## YOUR INSTRUCTIONS:
Could you print exactly the lines from the one that contains "Lucertola Azzurra - Blue Lizard" to the end of the data, both ends included, and nothing else? Skip the pictures.

## RECORDED DATA:
________

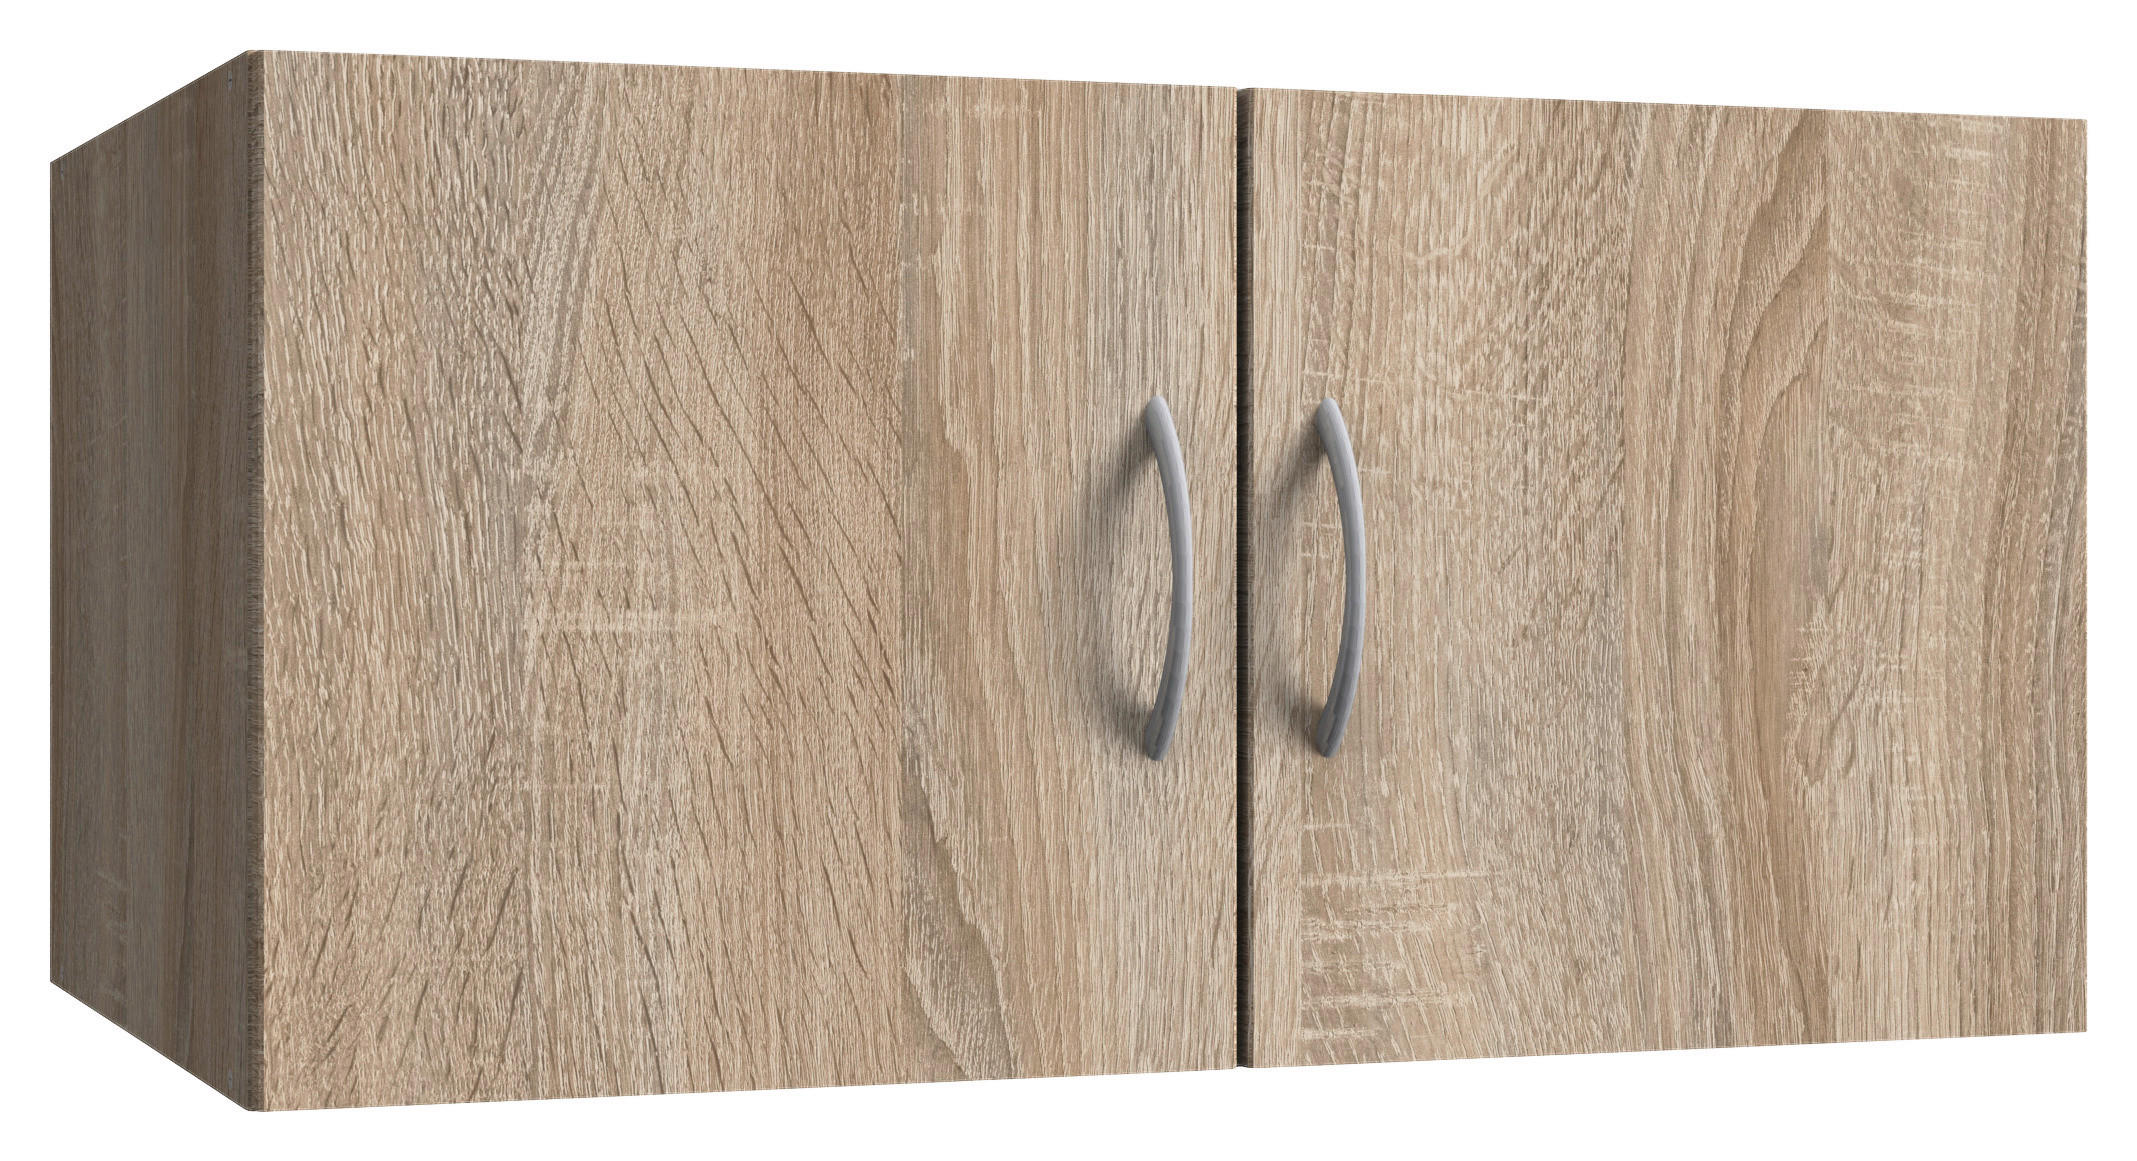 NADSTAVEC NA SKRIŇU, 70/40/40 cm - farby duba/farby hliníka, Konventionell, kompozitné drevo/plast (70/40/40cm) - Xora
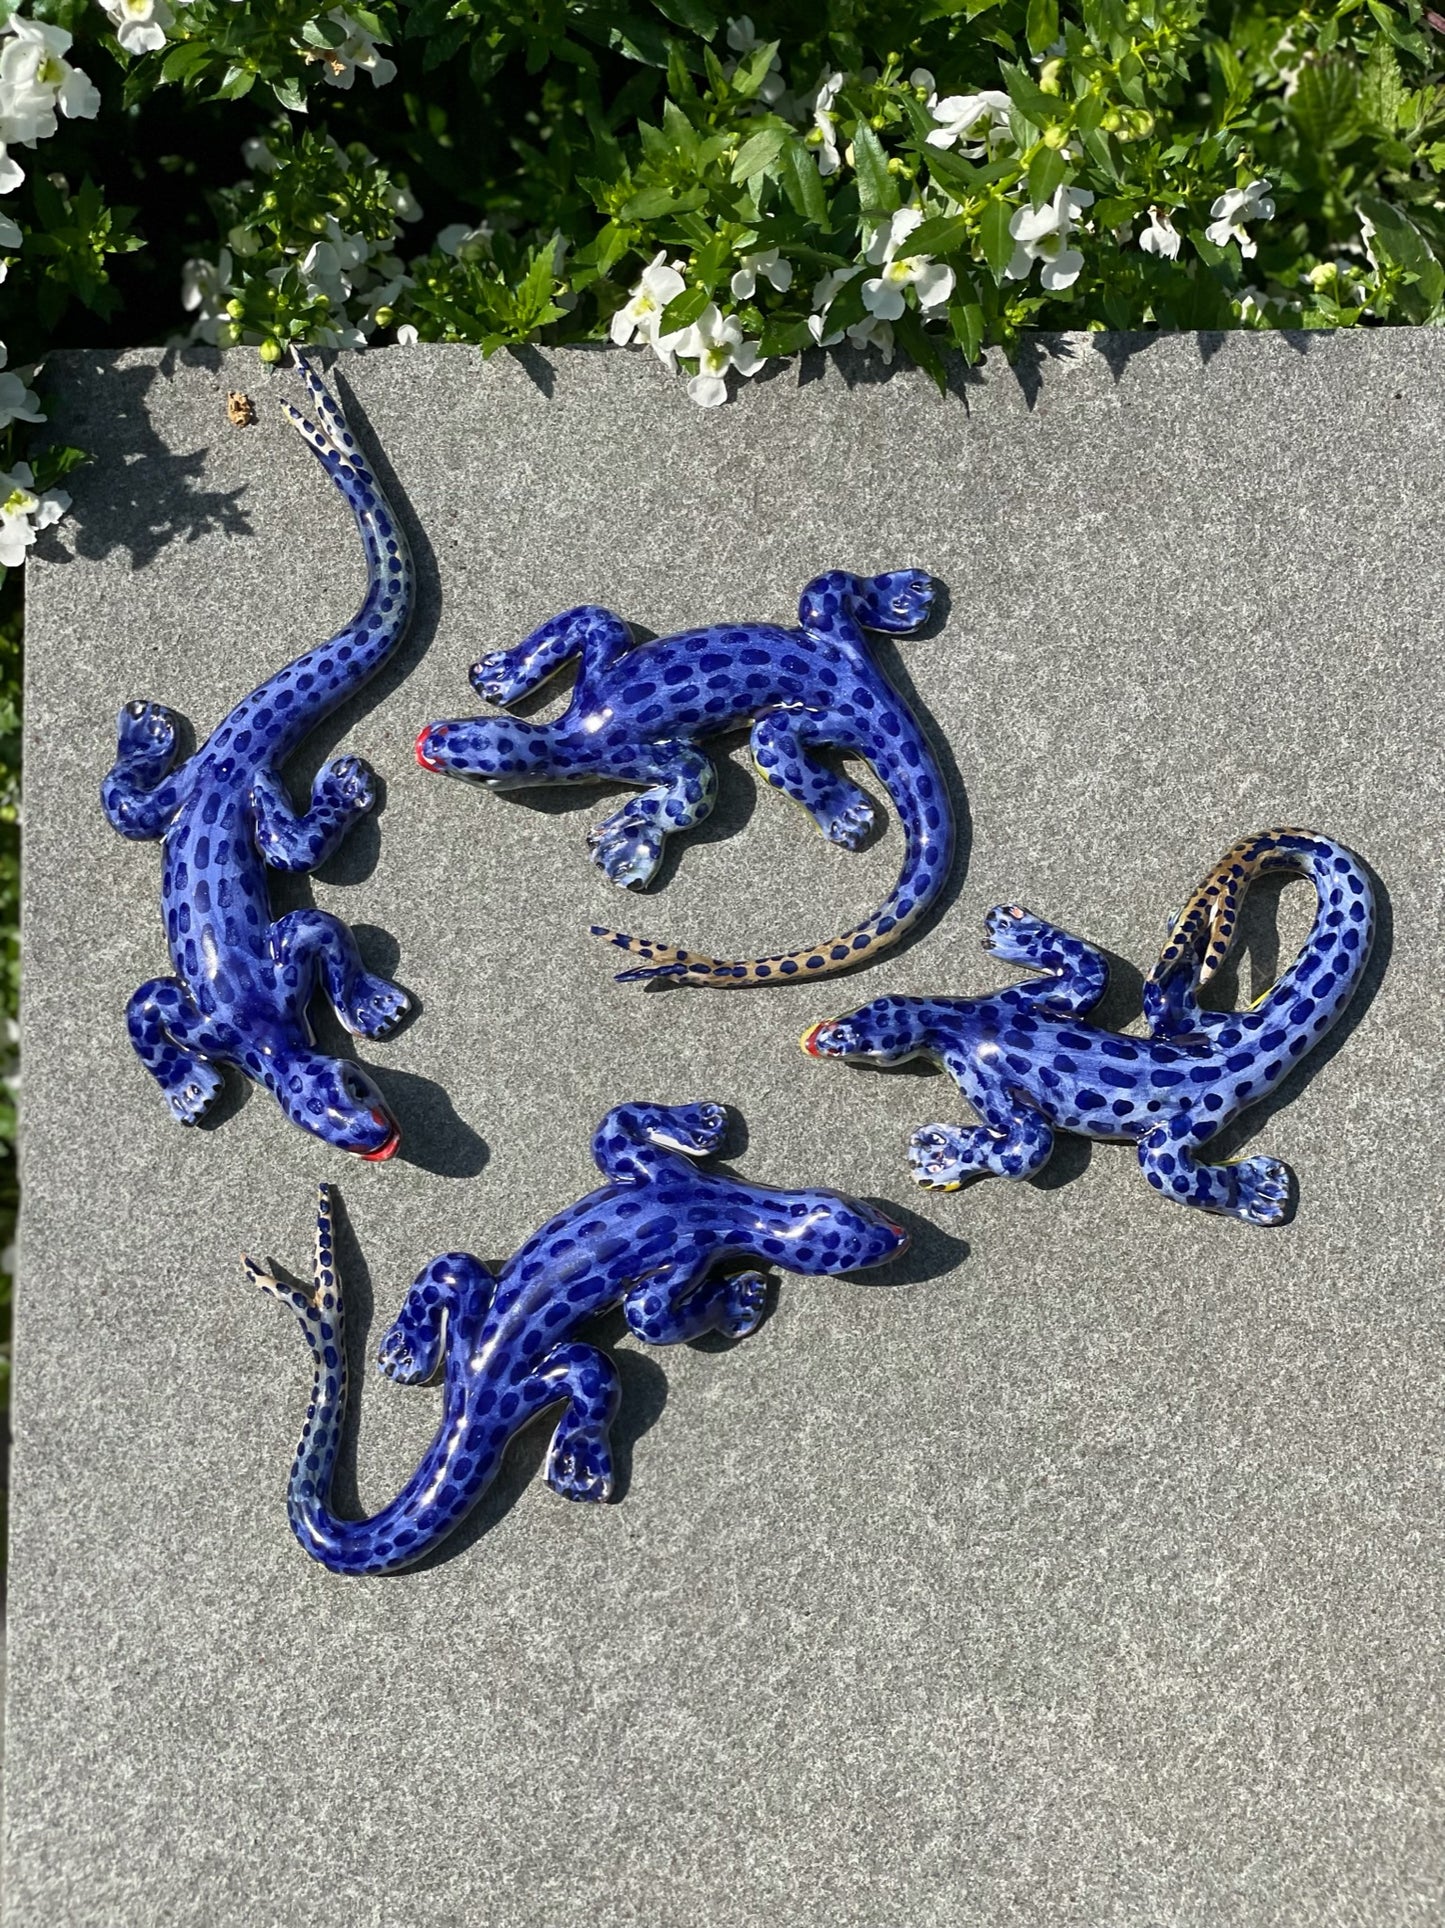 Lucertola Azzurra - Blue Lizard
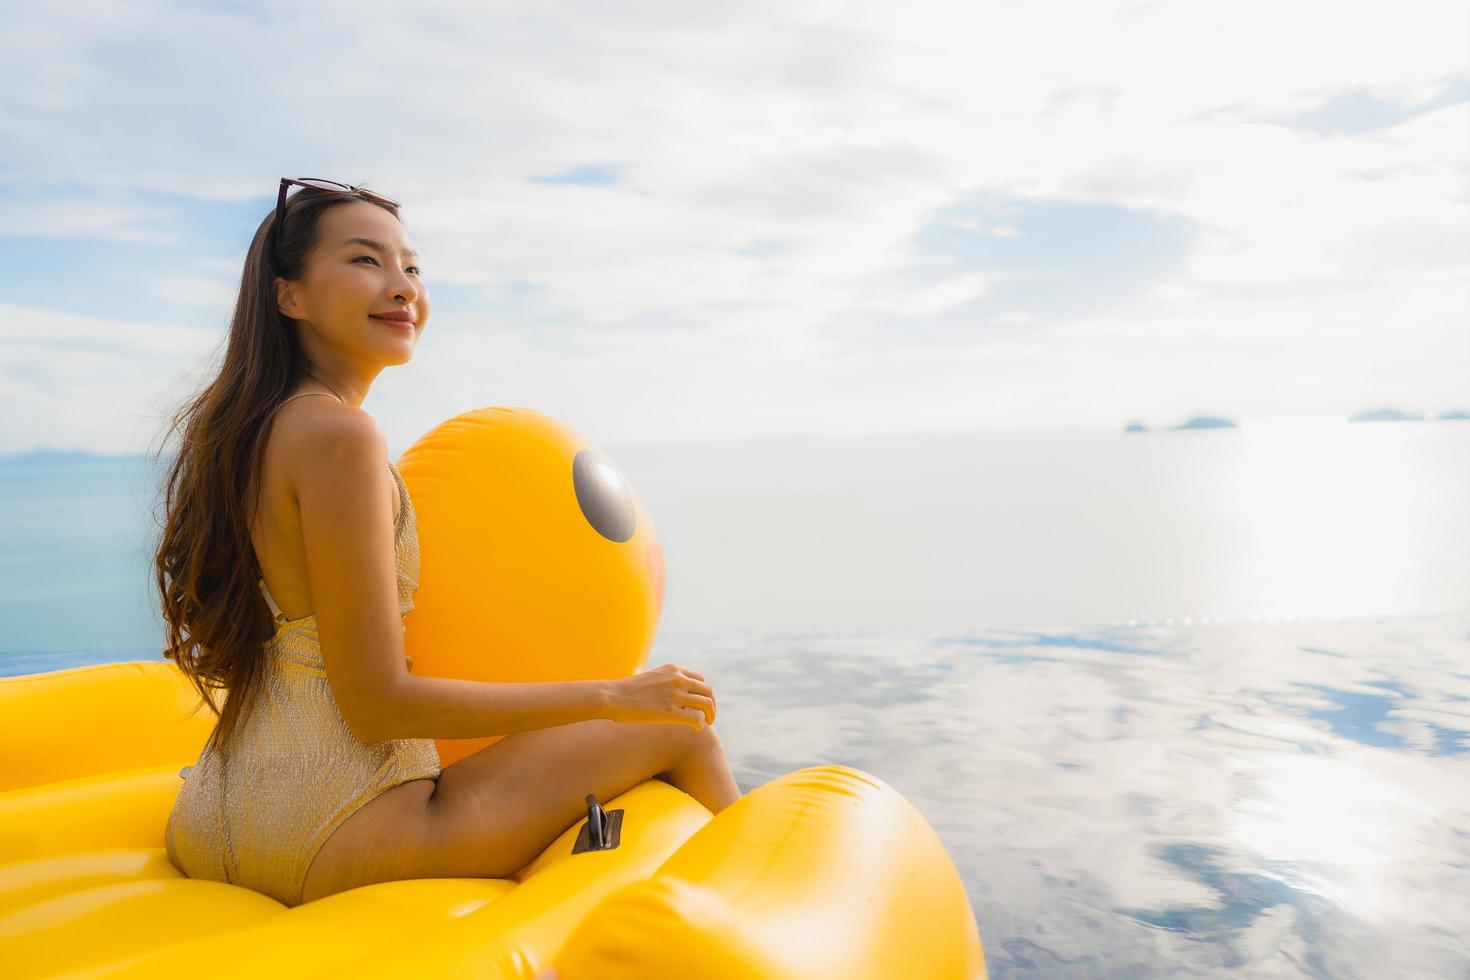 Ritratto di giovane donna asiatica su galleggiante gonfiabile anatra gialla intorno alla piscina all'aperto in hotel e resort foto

________

## ANSWER FOR THE TASK:
 Lucertola Azzurra - Blue Lizard
 Ritratto di giovane donna asiatica su galleggiante gonfiabile anatra gialla intorno alla piscina all'aperto in hotel e resort foto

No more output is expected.